Skip any image you find and restate the rest of the data word for word.

Recorded data:
BEGIN

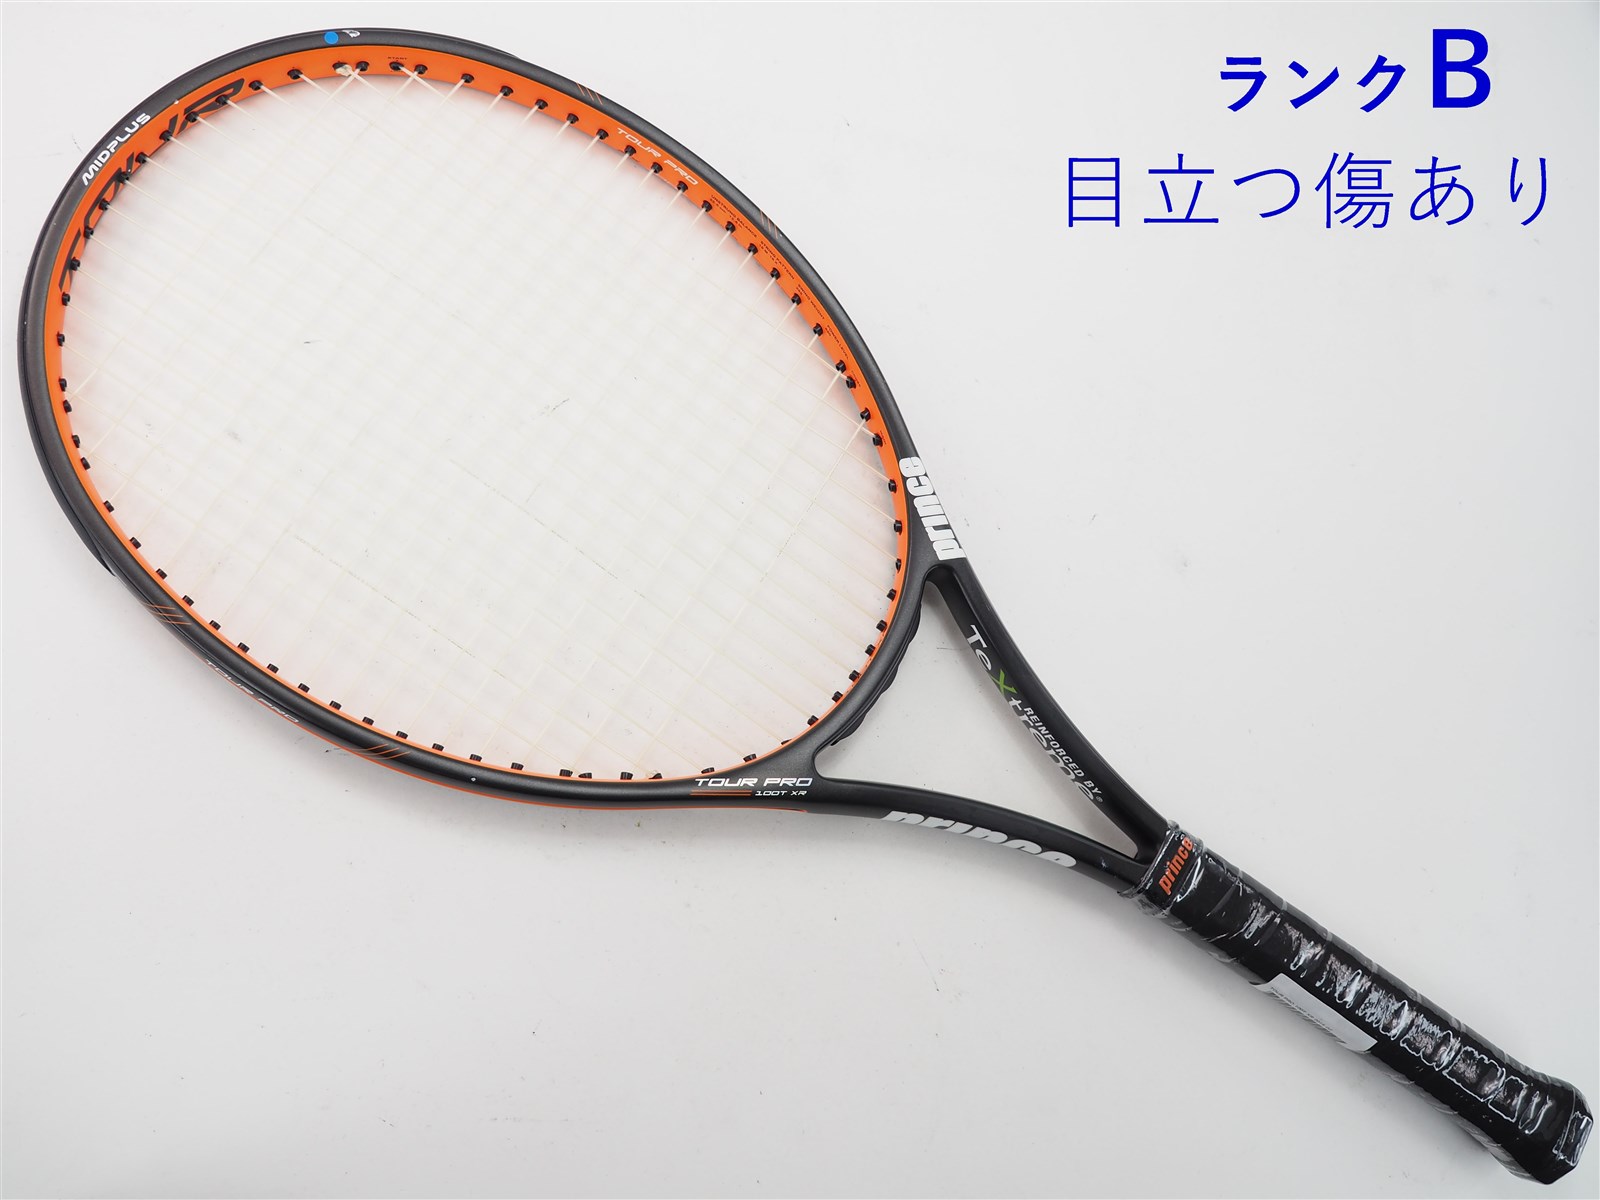 テニスラケット プリンス ツアー プロ 100ティー エックスアール 2015
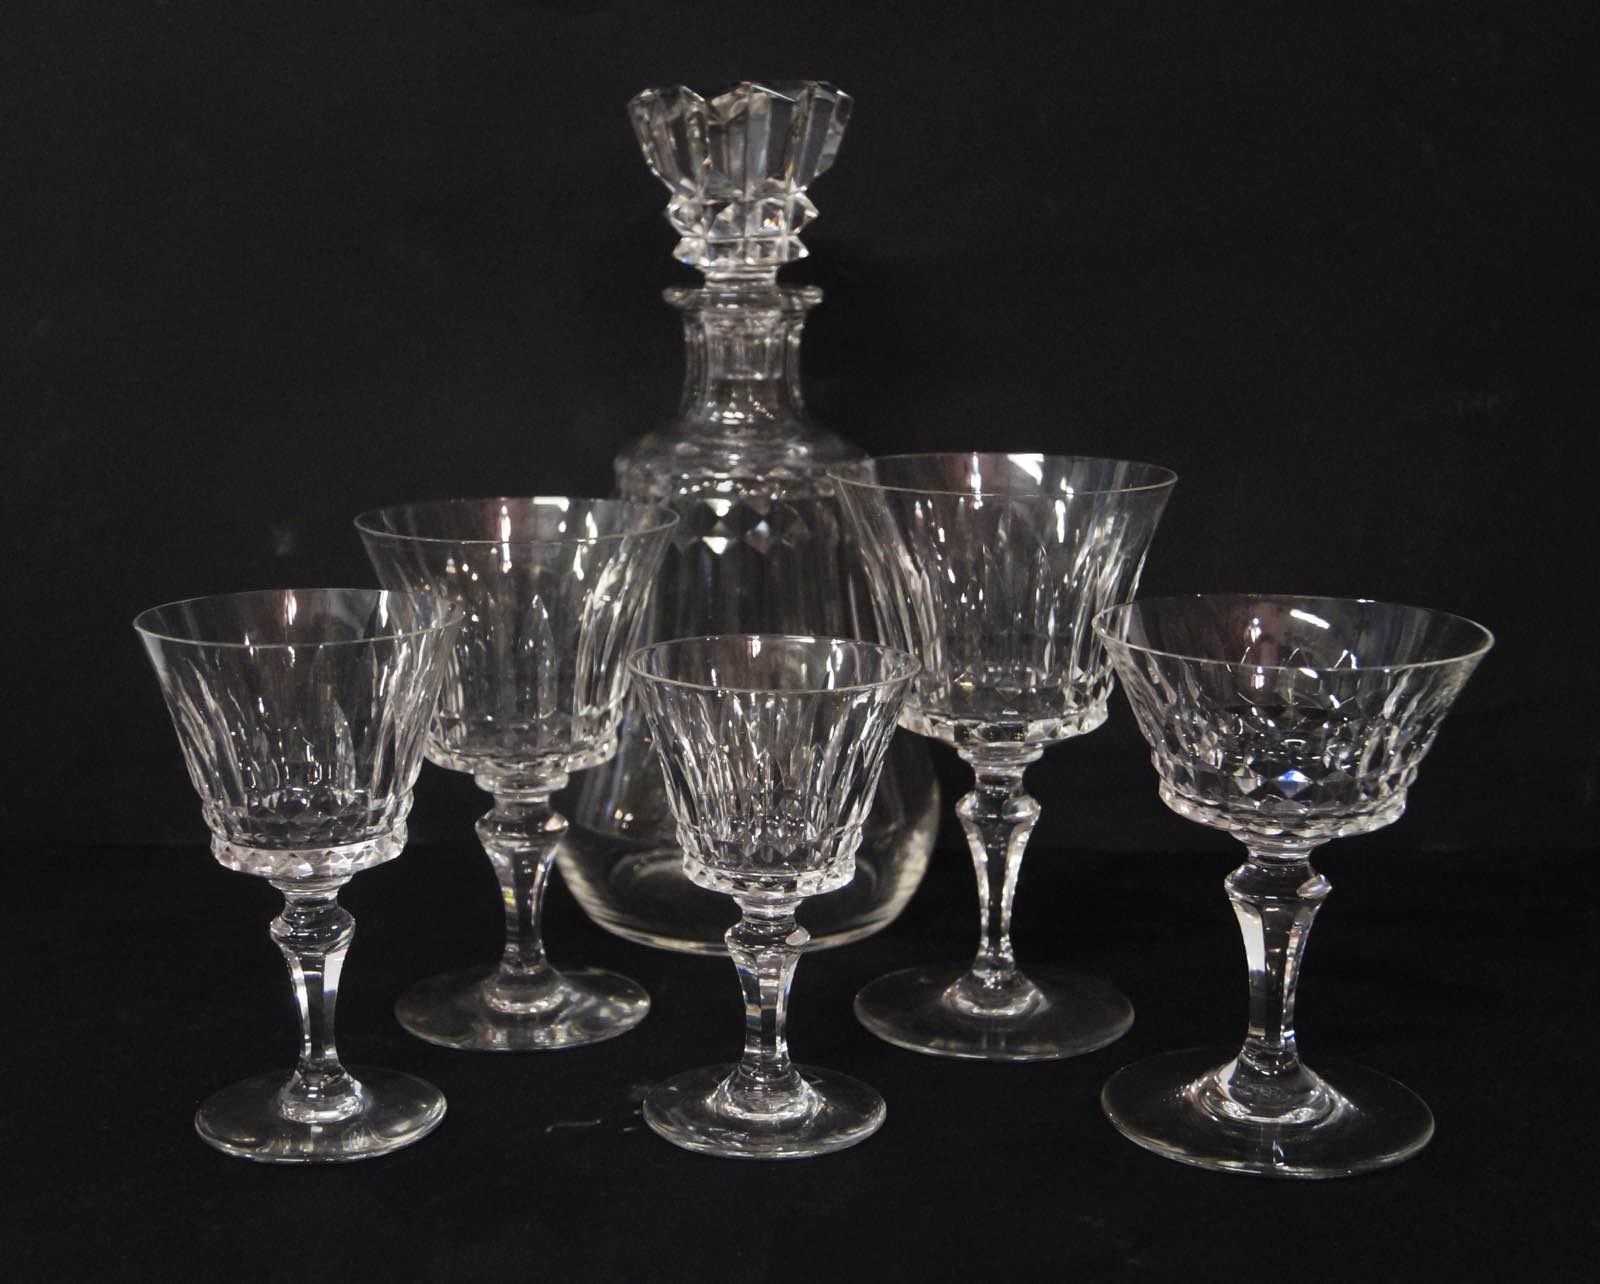 Servizio di bicchieri per 12 persone in cristallo  - Anglicana - online  antiques auctions
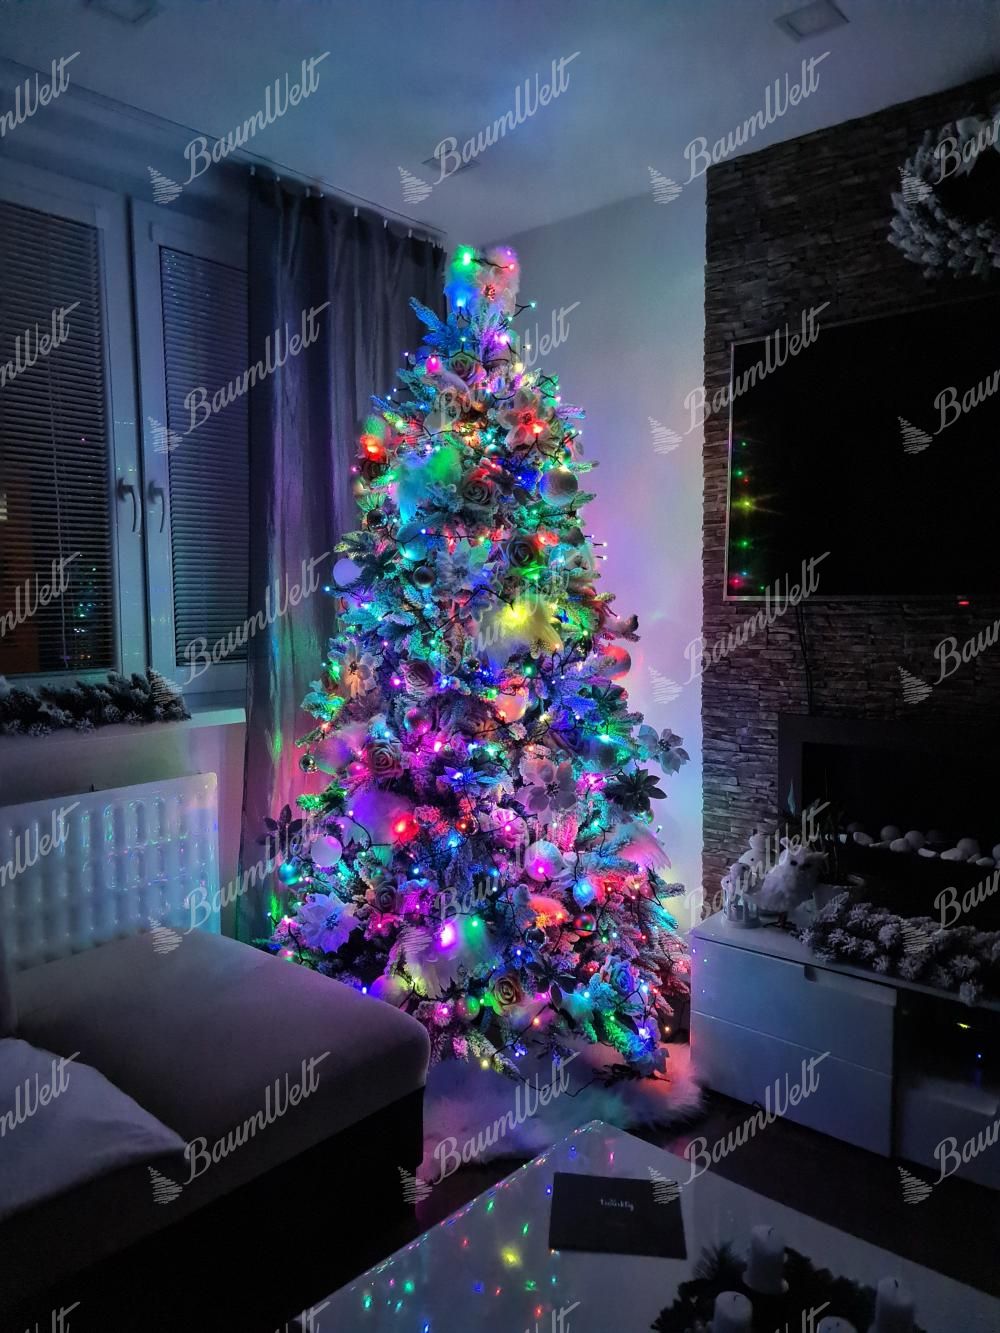 Multi-farbige animierte LED-Weihnachtsbaum-Lichtshow - 1+1 GRATIS! – Veomax

END

Final answer:
 テニスラケット プリンス ツアー プロ 100ティー エックスアール 2015
 Servizio di bicchieri per 12 persone in cristallo  - Anglicana - online  antiques auctions
 Multi-farbige animierte LED-Weihnachtsbaum-Lichtshow - 1+1 GRATIS! – Veomax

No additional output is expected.